*Data block*.
---------------

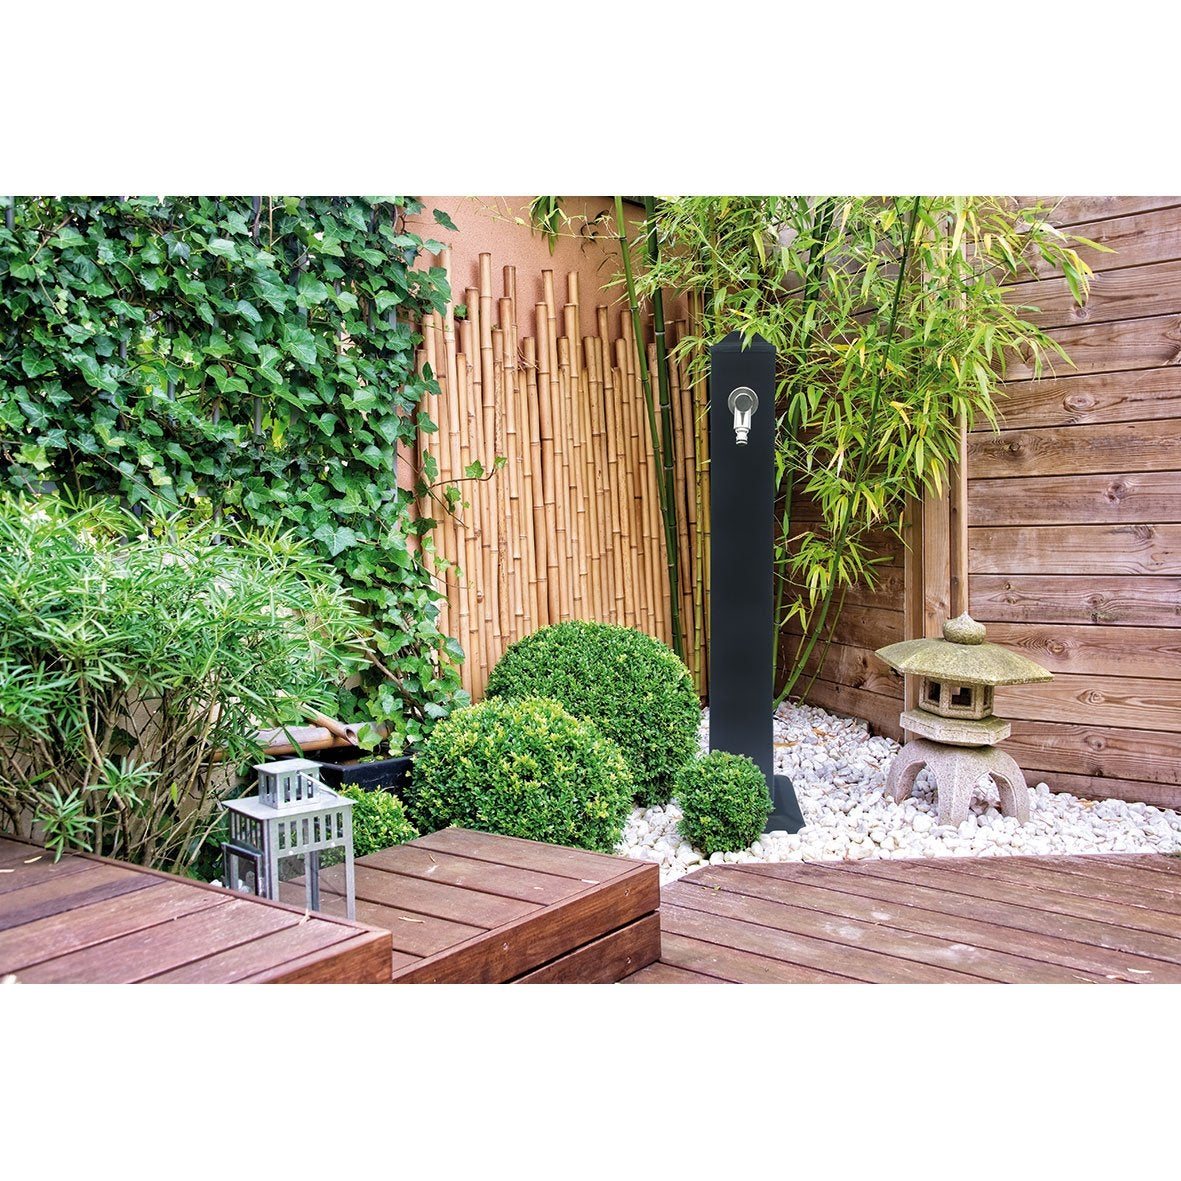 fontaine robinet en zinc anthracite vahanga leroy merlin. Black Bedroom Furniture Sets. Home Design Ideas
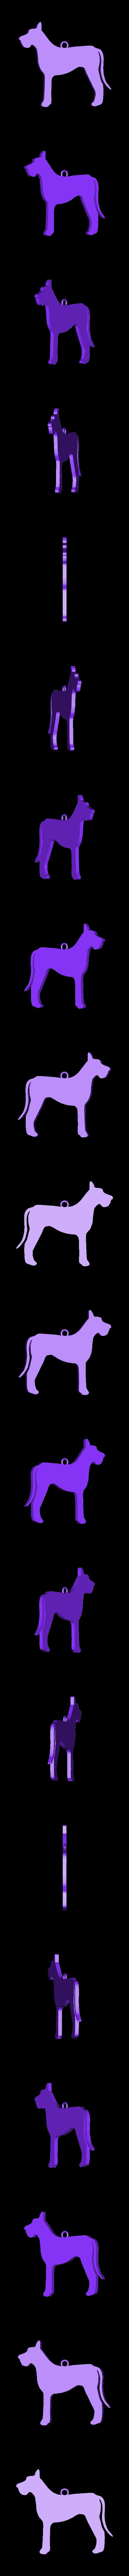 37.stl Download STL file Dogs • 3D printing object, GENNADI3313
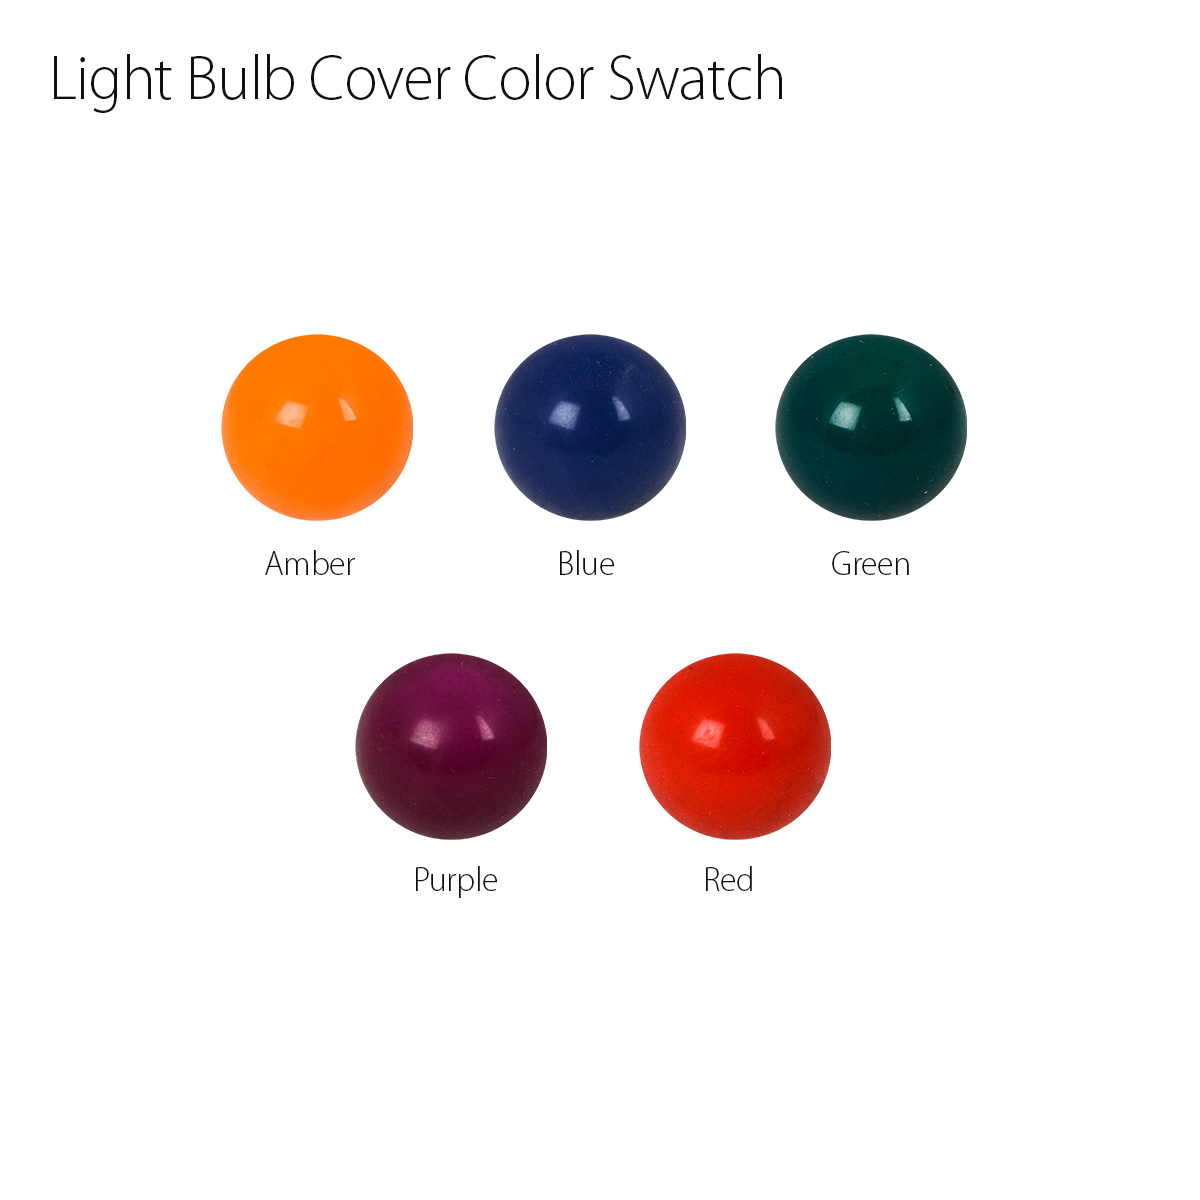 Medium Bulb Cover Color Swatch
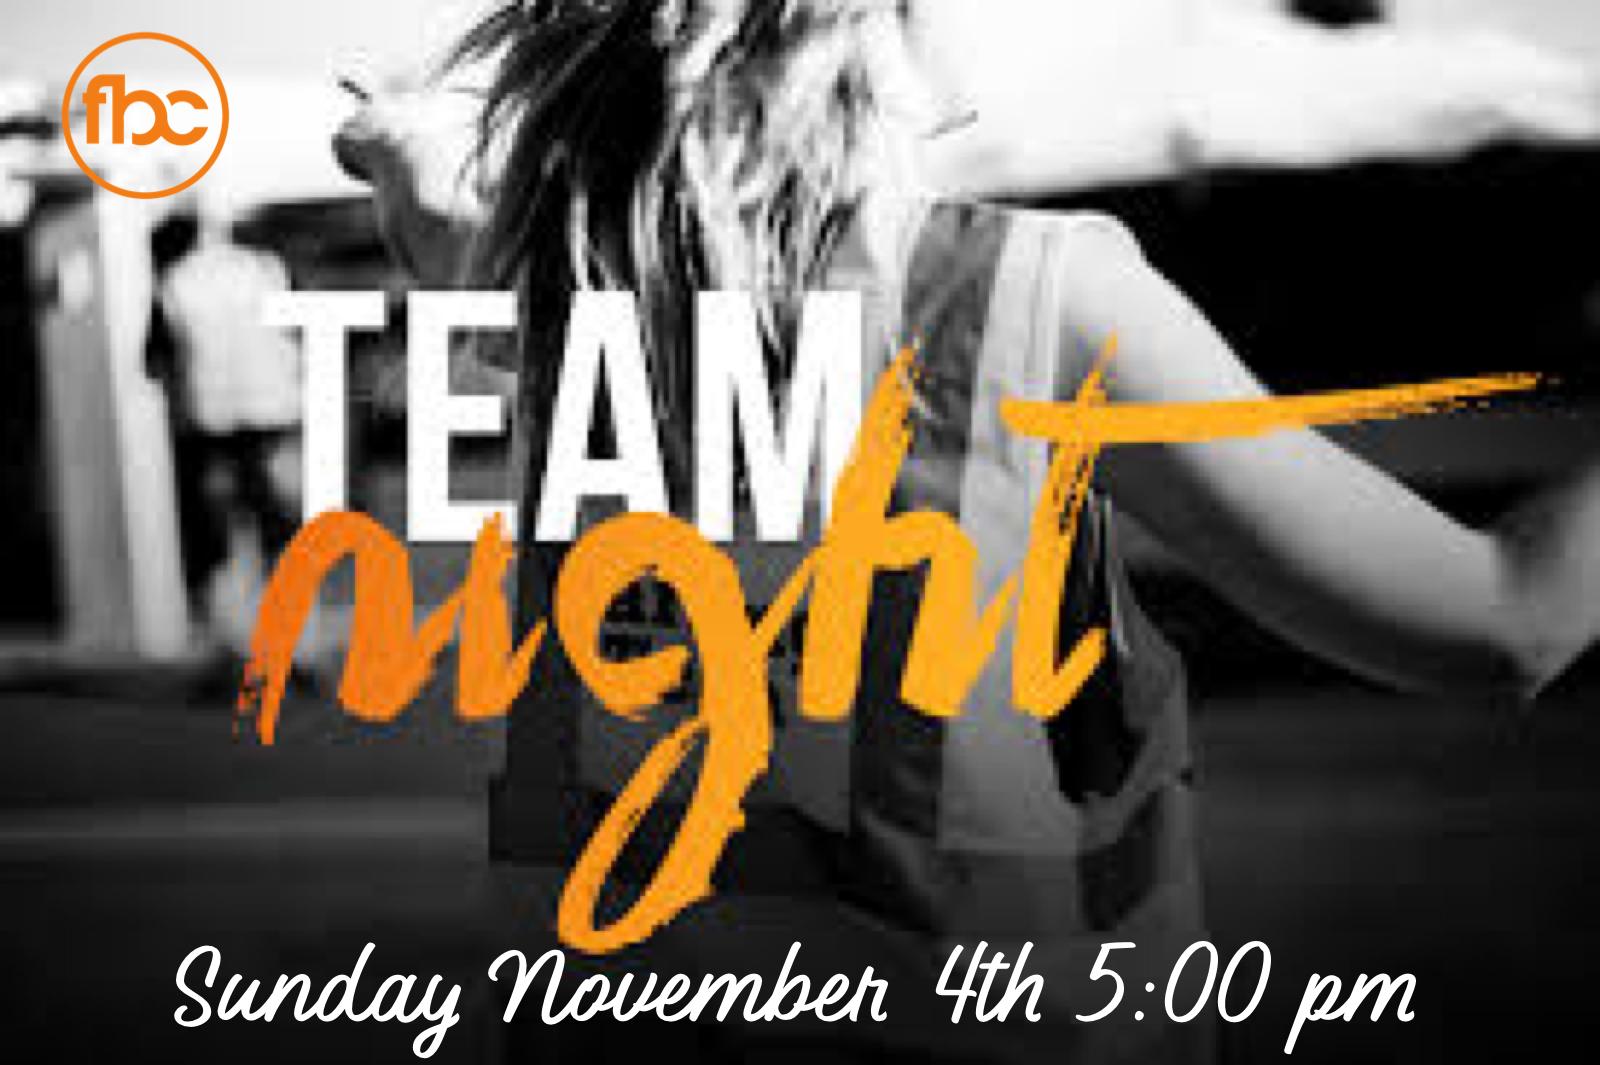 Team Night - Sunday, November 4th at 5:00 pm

---------------

*Description of the task*. With the pictures excluded, restate word for word each line from the one that contains "Medium Bulb Cover Color Swatch" through the last line of the listing above.

*Exercise result*.
 Medium Bulb Cover Color Swatch
 Team Night - Sunday, November 4th at 5:00 pm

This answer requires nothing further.